Die Woche in abstrakter Kunst – Bemerkenswerte Gesten
Wer liebt nicht eine gute Geste? Wir lieben es, ein Gemälde von Franz Kline anzustarren und über die tiefgründigen, doch einfachen Gesten nachzudenken, die jene dramatischen schwarzen Striche auf dem zurückhaltenden weißen Hintergrund geschaffen haben. Und wenn uns jemand ein Geschenk macht, das nicht ganz unseren Wünschen entspricht, sagen wir: „Nun, wenigstens haben sie die Geste gemacht.“ Letzte Woche wurde die Nachricht bekannt, dass eine der großartigsten Gesten der Kunstwelt seit langem vollbracht wurde. Das Smithsonian-Institut, einer der bekanntesten und beliebtesten Kunstsammler Amerikas, wird zum ersten Mal in seinen 170 Jahren Bestehen einen dauerhaften Ausstellungsraum außerhalb der USA eröffnen. Der neue Raum wird in London sein und in Partnerschaft mit dem Victoria and Albert Museum verwaltet werden. Um diese bedeutende Geste zu feiern, stellen wir Ihnen diese Woche fünf Ausstellungen von Künstlern vor, deren Gesten ebenso Anerkennung verdienen.
Stuart Davis
Irgendwo im Raum zwischen Abstraktion und Gegenständlichkeit schuf der Künstler Stuart Davis einen wahrhaft amerikanischen Stil. Seine lebendigen, farbenfrohen Gemälde enthalten den ganzen Geist und die gestische Emotion der besten Werke des abstrakten Expressionismus, doch ihre grafischen, vom urbanen Jazz inspirierten Formen setzen sie in einen eigenen ästhetischen Raum. Davis war Gründungsmitglied des Whitney Studio Club, eines Künstlerraums, der 1918 in der West 4th Street 147 in New York eröffnet wurde und eine Referenzbibliothek sowie einen Billardtisch enthielt. Heute ist diese Organisation besser bekannt als das Whitney Museum of American Art, das derzeit eine große Retrospektive mit etwa 100 Werken von Davis zeigt, die bis zum 25. September 2016 zu sehen ist.
Guillermo Kuitca
Sie haben noch ein paar Tage Zeit, die subtilen gestischen Werke des argentinischen Künstlers Guillermo Kuitca in der Hauser & Wirth Galerie in London zu sehen. Im Geiste von Künstlern wie Stuart Davis schwankt auch Kuitca zwischen Gegenständlichkeit und Abstraktion. Kuitcas Werke sind dunkel und intim. Seine Gesten sind oft klein und malerisch. Sie häufen sich in ihrem emotionalen Gewicht, je mehr man sie bewundert, bis sie fast vibrieren und sich schwarmartig zur Form aufbauen.
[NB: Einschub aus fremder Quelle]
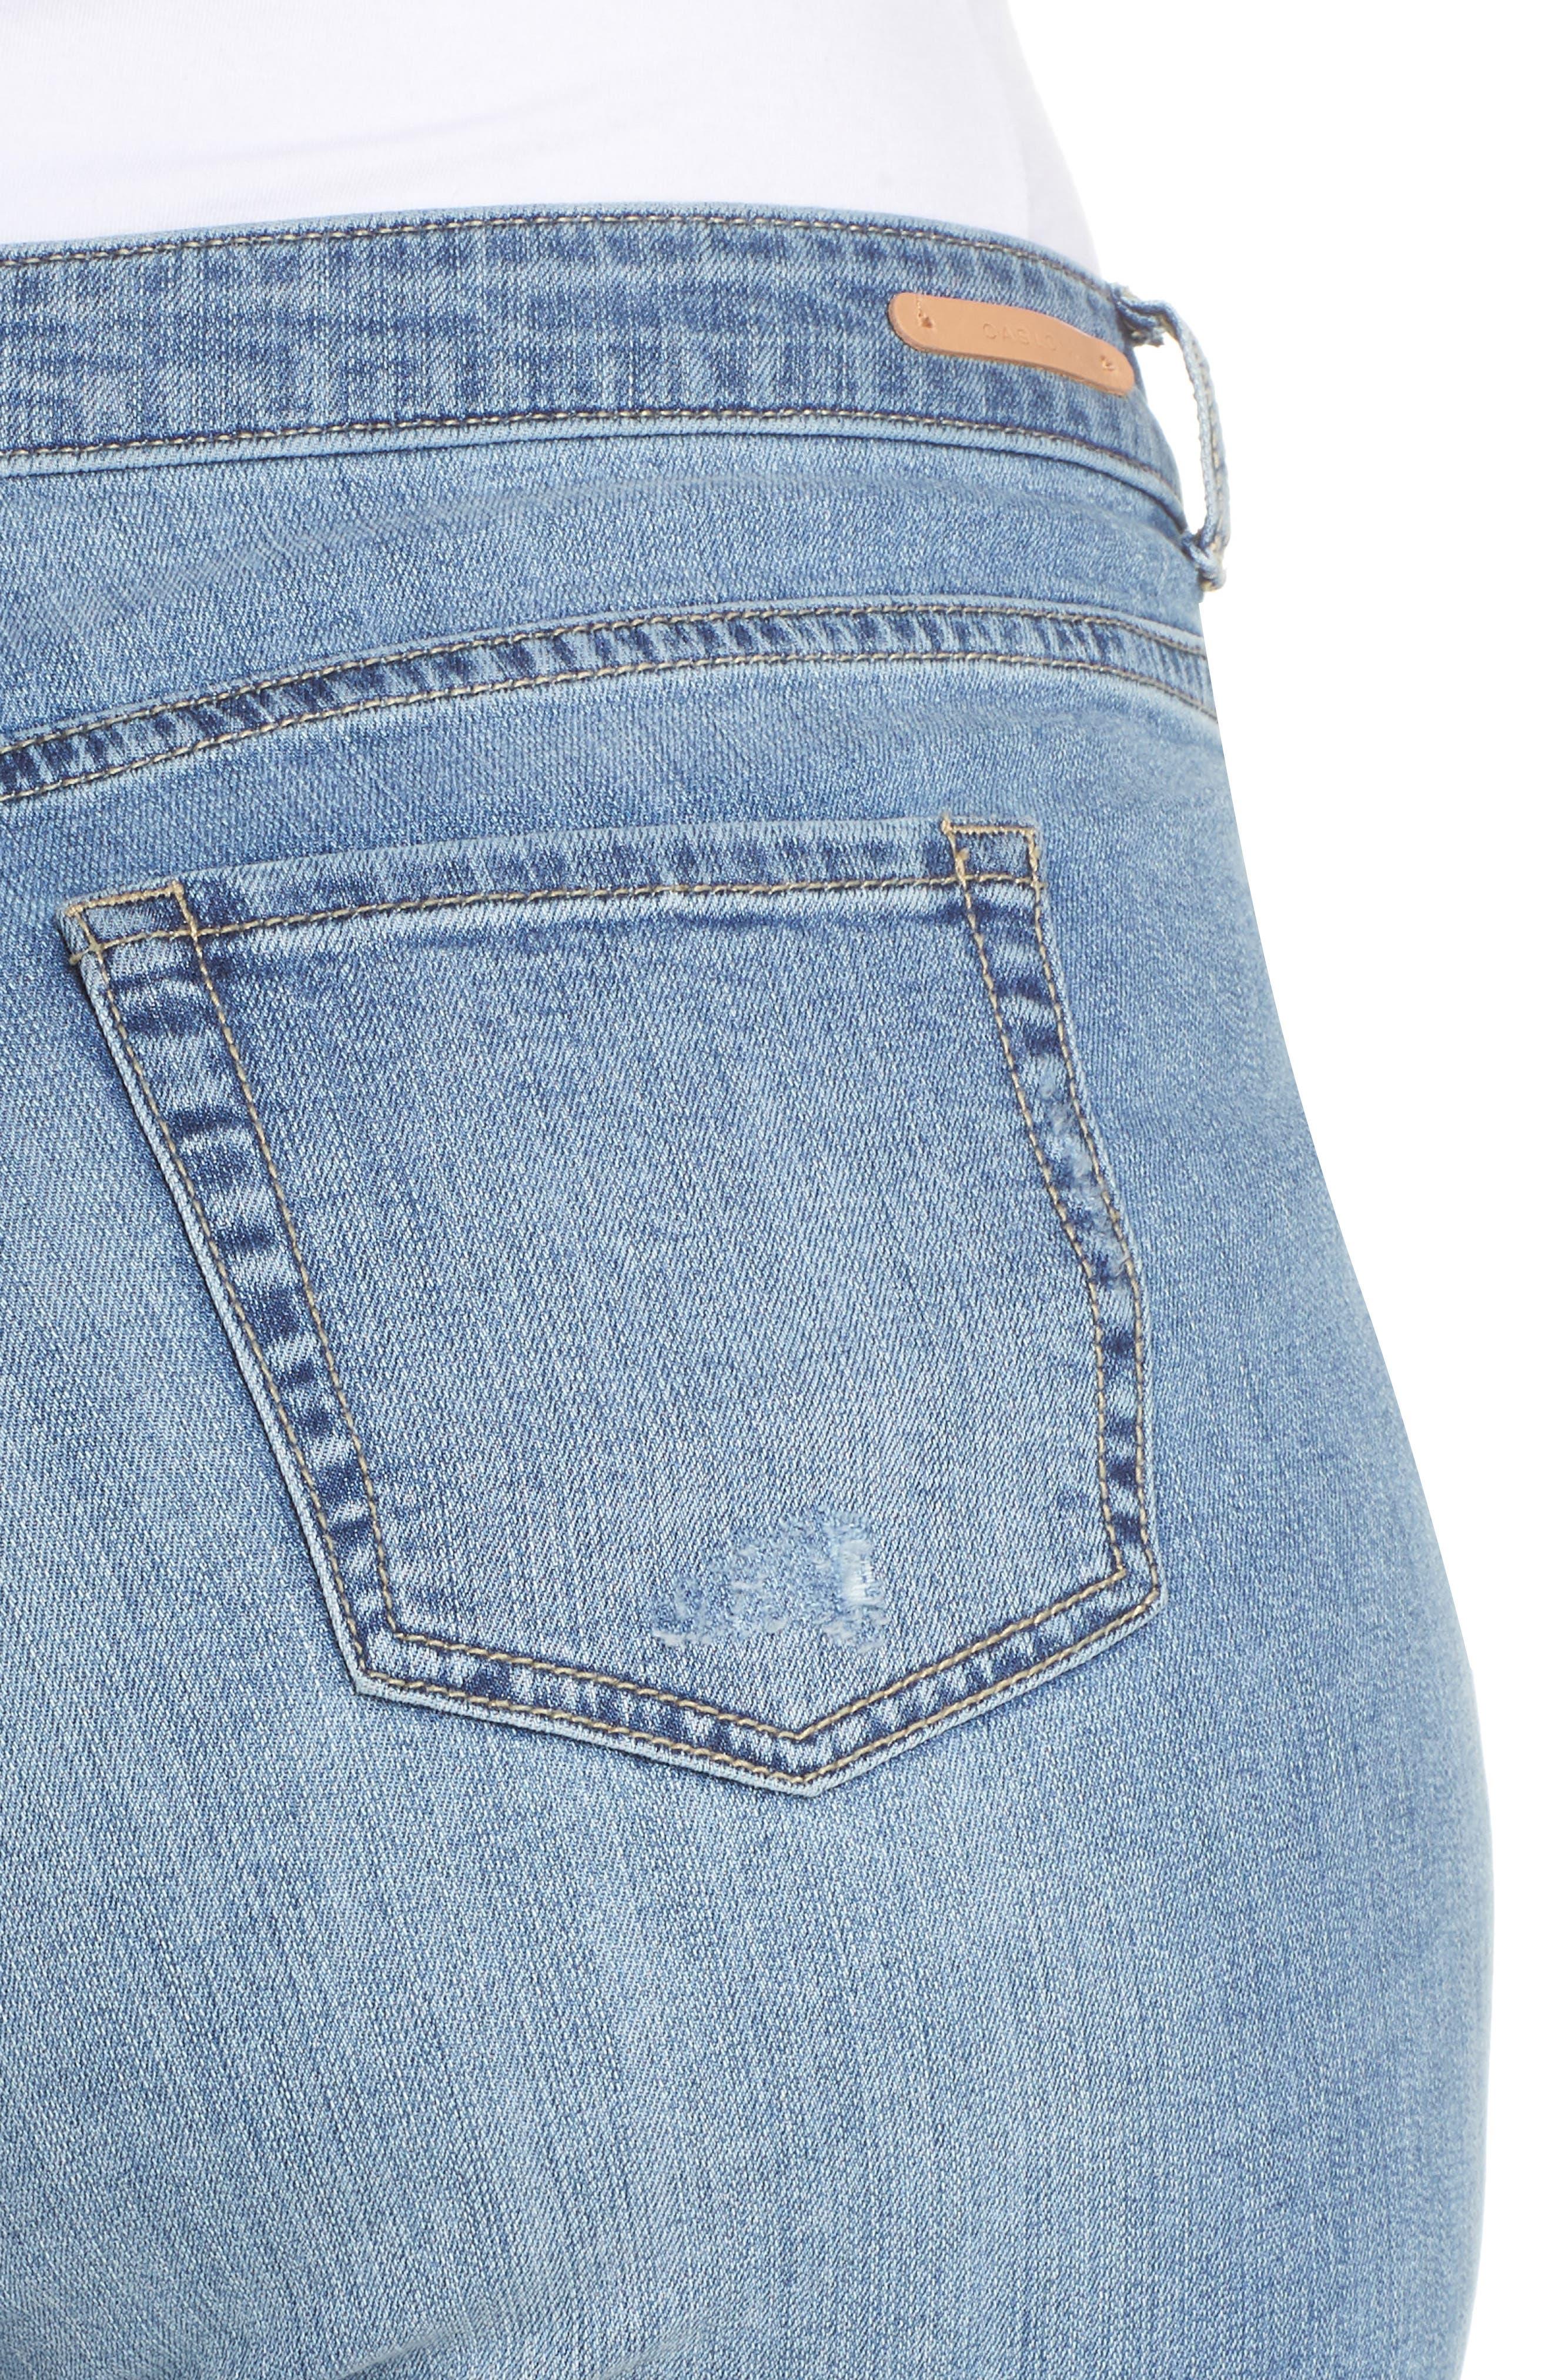 Distressed Jeans,                             Alternate thumbnail 3, color,                             Medium Destruct

Seine Arbeiten sind bis zum 30. Juni 2016 in der Savile Road 23 in London zu sehen.
Katharina Grosse
Am 10. Juni wurde eine Ausstellung neuer Arbeiten von Katharina Grosse im Museum Frieder Burda in Baden-Baden eröffnet. Grosses Gesten sind sowohl körperlich als auch gedanklich von monumentaler Natur. Ihre Werke überwältigen oft, verschlingen Flächen und Räume, die sie kaum zu fassen scheinen. Ob auf einer ebenen Fläche gemalt oder eine Installation füllend, ihr Werk enthält so viele Dimensionen, wie das Gehirn eines Betrachters wahrnehmen kann. Diese Ausstellung ist bis zum 9. Oktober 2016 zu sehen, mit einem Künstlergespräch (auf Deutsch) im Museum am 18. August um 19 Uhr.
Louise Fishman
Bis zum 31. Juli zeigt das Neuberger Museum of Art in Purchase, NY (eine Stunde nördlich von Manhattan), eine Retrospektive von Louise Fishman. Die Ausstellung verfolgt die über 50 Jahre währende Laufbahn dieser 77-jährigen gestischen abstrakten Malerin von den 1960er Jahren bis heute. Die emotionale Bandbreite von Fishmans Werk reicht vom Zornigen über das Verärgerte und Verspielte bis zum Erhabenen. Das Museum befindet sich auf dem Gelände des Purchase College.
Asger Jorn
Bis zum 29. Juli zeigt die Petzel Galerie an der Upper East Side in New York The Open Hide, die erste Einzelausstellung von Asger Jorns Werken in den USA seit 23 Jahren. Jorns emotional lebendige, dramatische, malerische Leinwände schreien mit einem stürmischen Mix aus urtümlichen und kindlichen Gesten zum Leben. Oft mit CoBrA in Verbindung gebracht, war Jorn ein Meister darin, Intensität, Sinnlichkeit, Komik und Schmerz zu vermitteln.